Regarding hyper-threading: I am definitely not an expert in this field so i am probably wrong. But when i use 4 processes on a 4 core hyper-threading processor it does not seem like the processor is used efficiently (only 4 of the 8 CPUs listed seem to be used on Debian). Also, IIRC, the term I/O bound in the processor may be confusing (at least for me). I was under the impression that hypter-threading was mainly used to make RAM (and maybe cache) access more efficient by performing another instruction while waiting on the result of the last load/store instruction. Maybe that was what is meant with I/O? Its probably the best to let the user decide what value to use.

The term compute node is fine.

Regarding distributed.py: Do you want to wrap the import of multiprocessing or the import of threading in a try:... except: ... block:
In case of multiprocessing: we could also try to remove the import of neat.distributed from __init__.py.
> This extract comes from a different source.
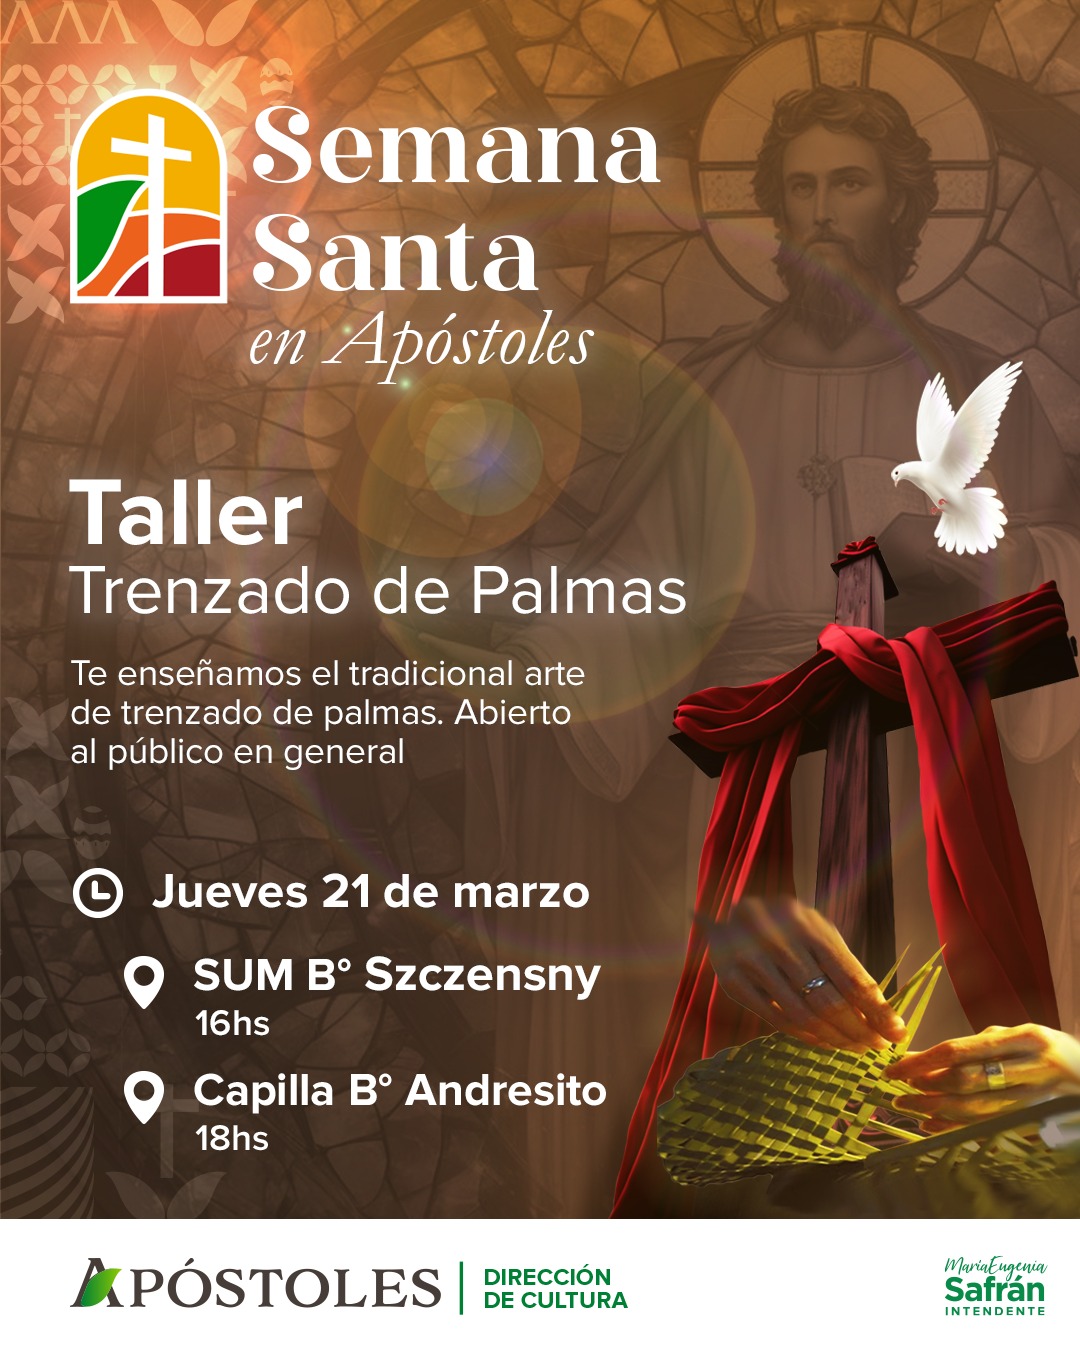 Semana Santa en Apóstoles: taller de trenzado de palmas en diferentes puntos de la ciudad imagen-2

This way the distributed module would need to be loaded explicitly. Otherwise it may be better to put the try: import neat.distributed except ImportError: distributed=None in the __init__.py file. distributed is unusable without multiprocessing, so it may be better to raise an Exception than to warn the user.
In case of threading: It may be possible to remove threading completely from distributed.py and replace stop_event = threading.Event() to use an Event returned by self.manager. Maybe something like self.stop_event = None instead of stop_event = threading.Event() and callable=lambda: self.stop_event if self.stop_event is not None else self.manager.Event()? (Note: these changes are untested).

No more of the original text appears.